At the same time, perfectly matched durations can often be overly risk-averse, resulting in less than optimal profits and added exposure to the risk of falling interest rates. The merit of a modest amount of mismatch depends on current market conditions. At December 31, 2006, the duration of GAFRI's assets and liabilities were 5.3 years and 5.4 years, respectively.

At December 31, 2006, the fair value of GAFRI's fixed maturity portfolio was approximately 0.2% higher than its book value. If interest rates were to immediately increase 50 basis points from levels at December 31, 2006, GAFRI estimates that the fair value of the Company's fixed maturity portfolio would be approximately 2.5% lower than its book value. Under this scenario, higher than expected surrenders would have very little impact on the liquidity, earnings or capital of GAFRI or its subsidiaries.

GAFRI seeks to earn a stable and appropriate spread between investment income and interest credited on its fixed annuity products. Adverse experience on investments may cause spreads to be reduced. Alternatively, if GAFRI seeks to maintain spreads, crediting rates may not be competitive in the marketplace, which could result in adverse policy surrender experience and the need to liquidate a portion of the investment portfolio at a loss, or use funds from new sales in order to fund cash surrender value benefits.

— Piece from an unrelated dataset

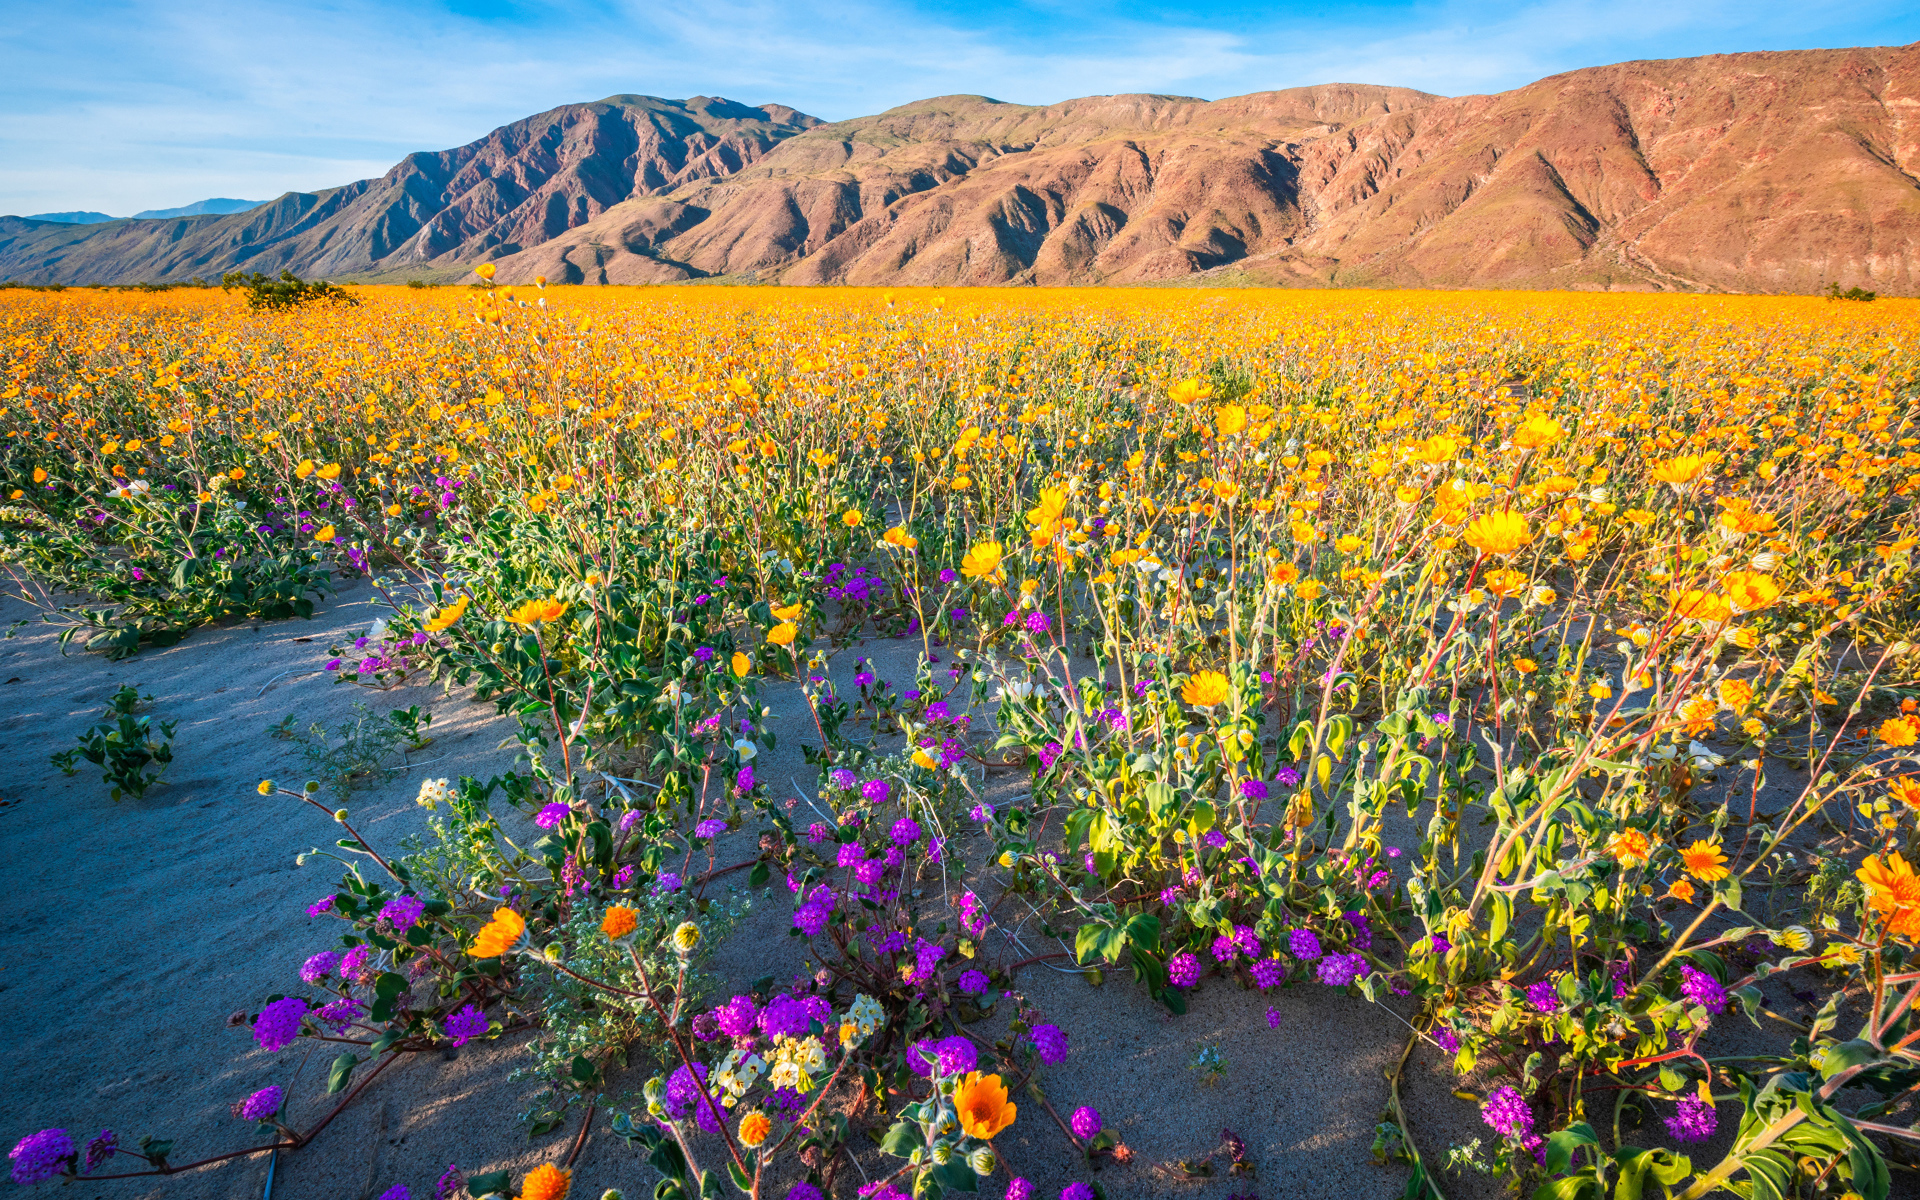 Пустыня на фоне гор покрылась цветами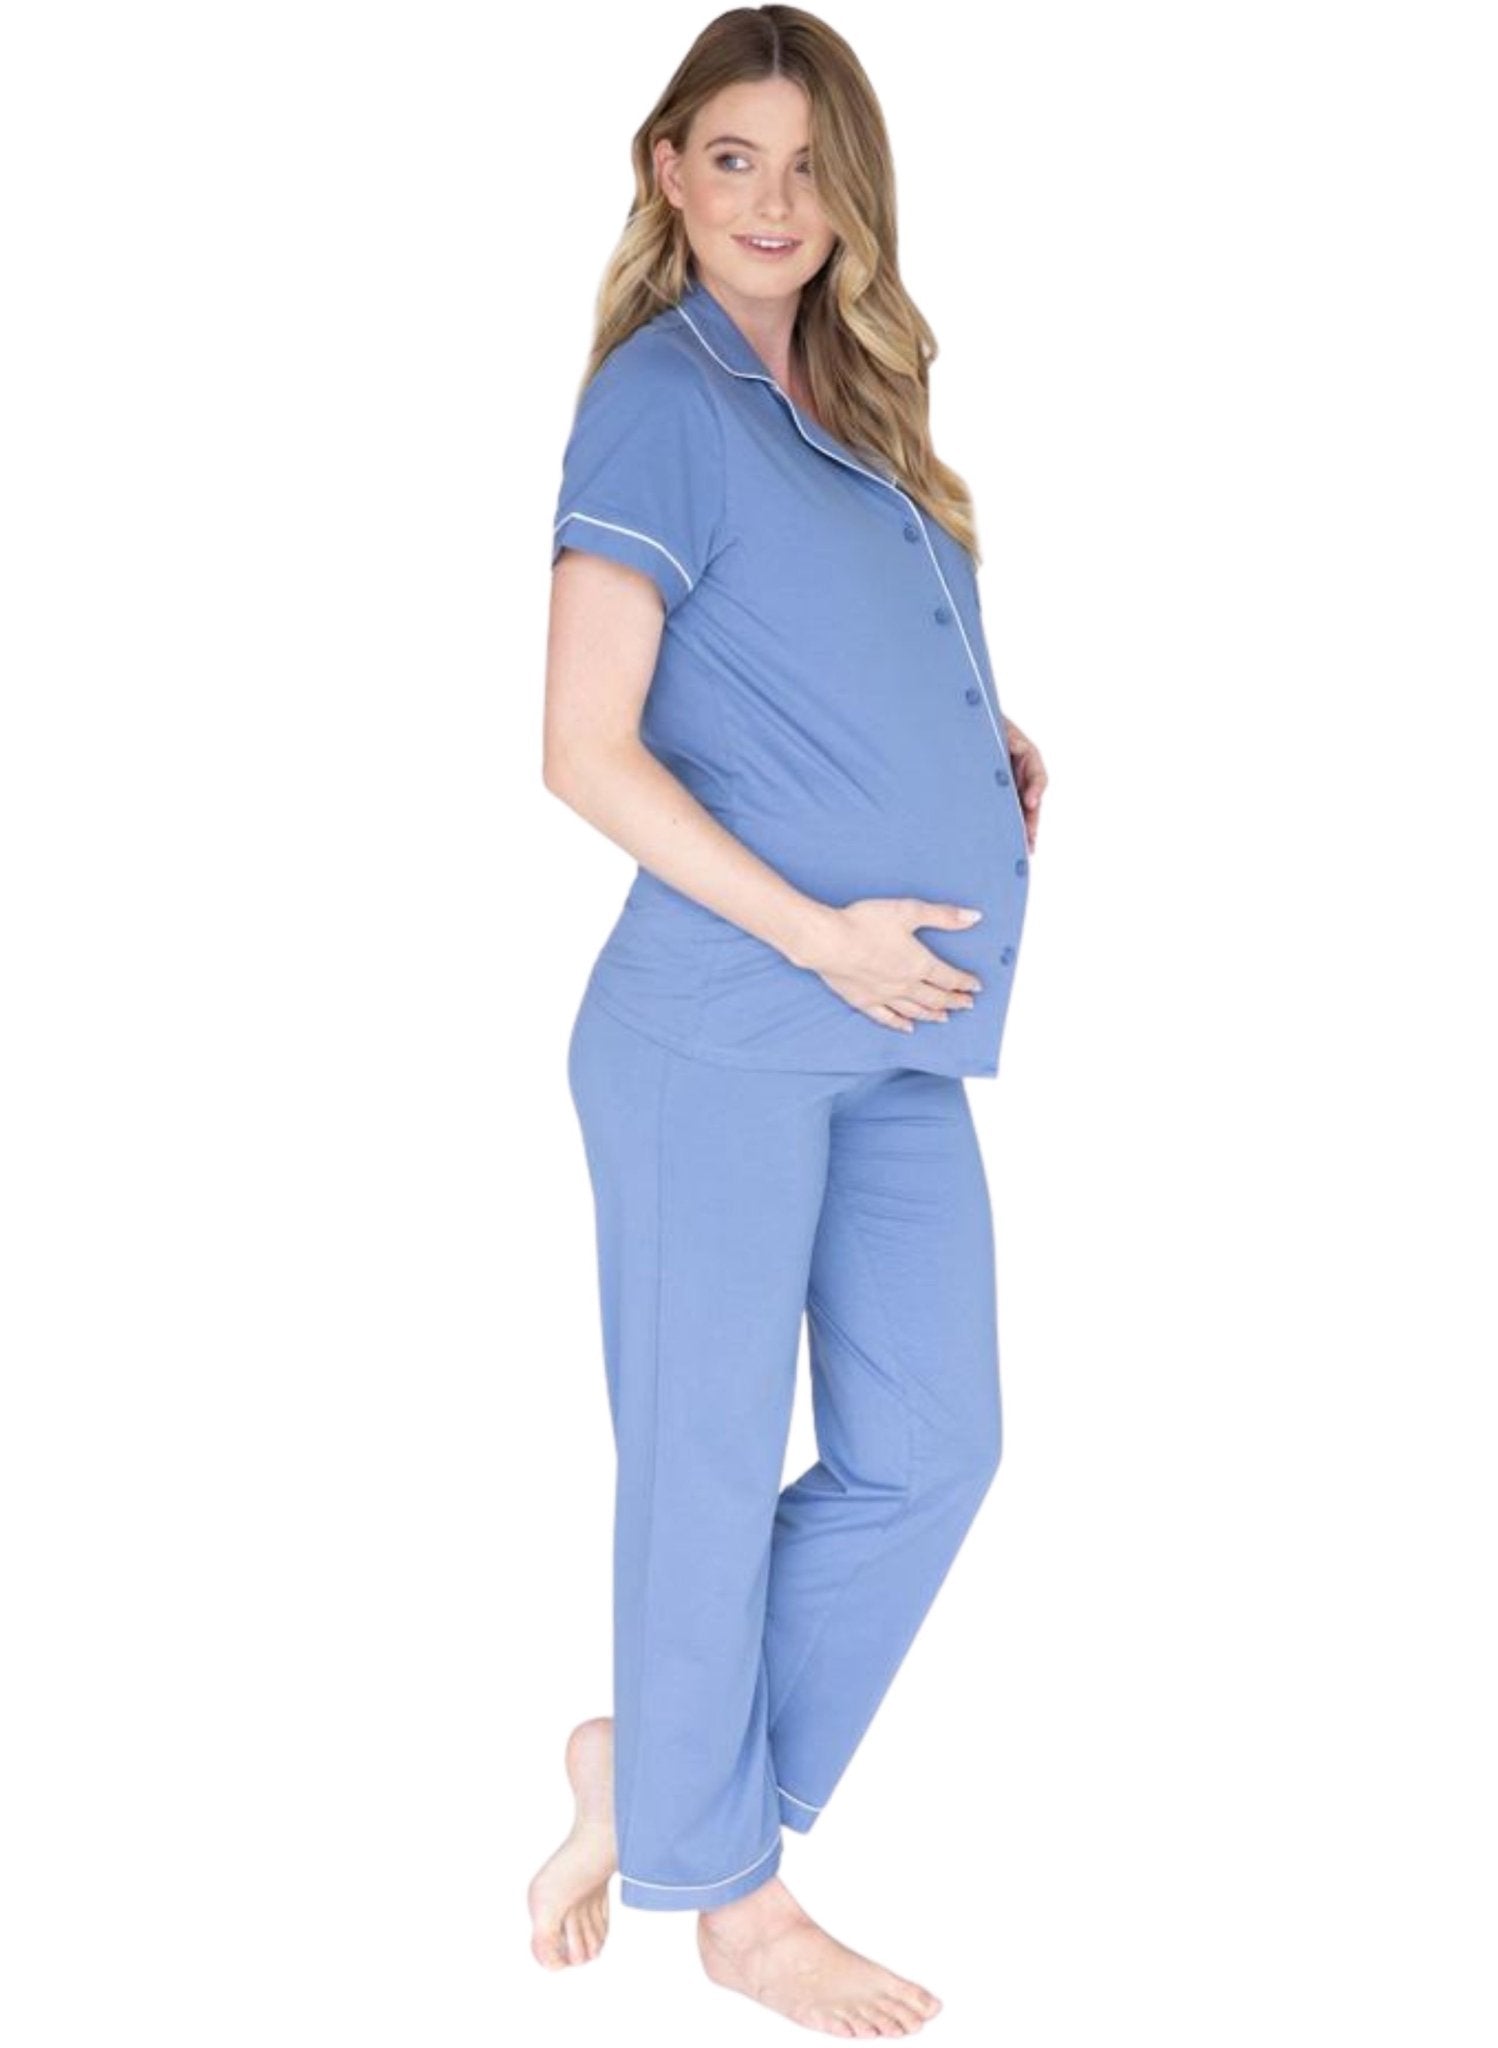 Maternity and Nursing Pyjama Long Pants Set - Blue - Mums and Bumps

Provided interest rates continue to gradually return to levels that are more typical from a long-term perspective, GAFRI does not view the near-term risk relating to spreads over the next twelve months as being material. Management believes that the impact of the probable range of interest rate changes over the next twelve months will be mitigated by the Company's asset-liability management strategies, flexibility in adjusting policy crediting rate levels and protection afforded by policy surrender charges. The interest rate scenarios that could have a higher negative impact on earnings are those in which there is a substantial, relatively rapid increase or decrease in interest rates that is then sustained over a long period. Management does not believe these scenarios are likely.

Fixed Annuities GAFRI's traditional fixed annuity reserves comprise approximately 70% of the Company's total insurance reserves. GAFRI may adjust renewal crediting rates on its deferred annuities monthly or quarterly, subject to guaranteed minimum interest rates ("GMIR") ranging from 1% to 4% and other contractual guarantees. The higher minimums apply to in-force blocks of older products that are no longer marketed. Many annuity insurance customers have the right to surrender their policies at account value less a surrender charge that grades to zero over periods that generally range from 5 to 10 years from policy issue date. In some cases, policyholders can only gain the benefit of a higher-tier accumulation rate upon death, or if they annuitize rather than surrender. In other cases, a market value adjustment may also apply. Due to GAFRI's ability to change crediting rates to reflect investment experience on the majority of its traditional annuity products, the underlying assets are assumed to be a good balance for the interest rate risk inherent in these liabilities. The Company believes this assumption is appropriate for probable movements in interest rates over the next 12 months.

GAFRI believes that its exposure to interest rate risk, particularly a rising interest rate environment, is mitigated by the nature of its annuity business. The Company's primary strategic business is in the flexible premium, teachers' 403(b) market. Historically, this market has proven to be less interest rate and lapse sensitive than other annuity markets, as demonstrated in the persistency table below, which illustrates GALIC's annual persistency rates for its major fixed annuity product groups over the past five years. Persistency rates reflect the proportion of reserves maintained by the Company and not paid out in the form of surrenders, annuitizations or death benefits during the applicable year:

 Persistency Rates Product Group 2006 2005 2004 2003 2002 Flexible premium 92% 92% 94% 94% 92% Single premium* 87 87 88 89 90 

* Excludes surrenders on recently acquired closed blocks of business.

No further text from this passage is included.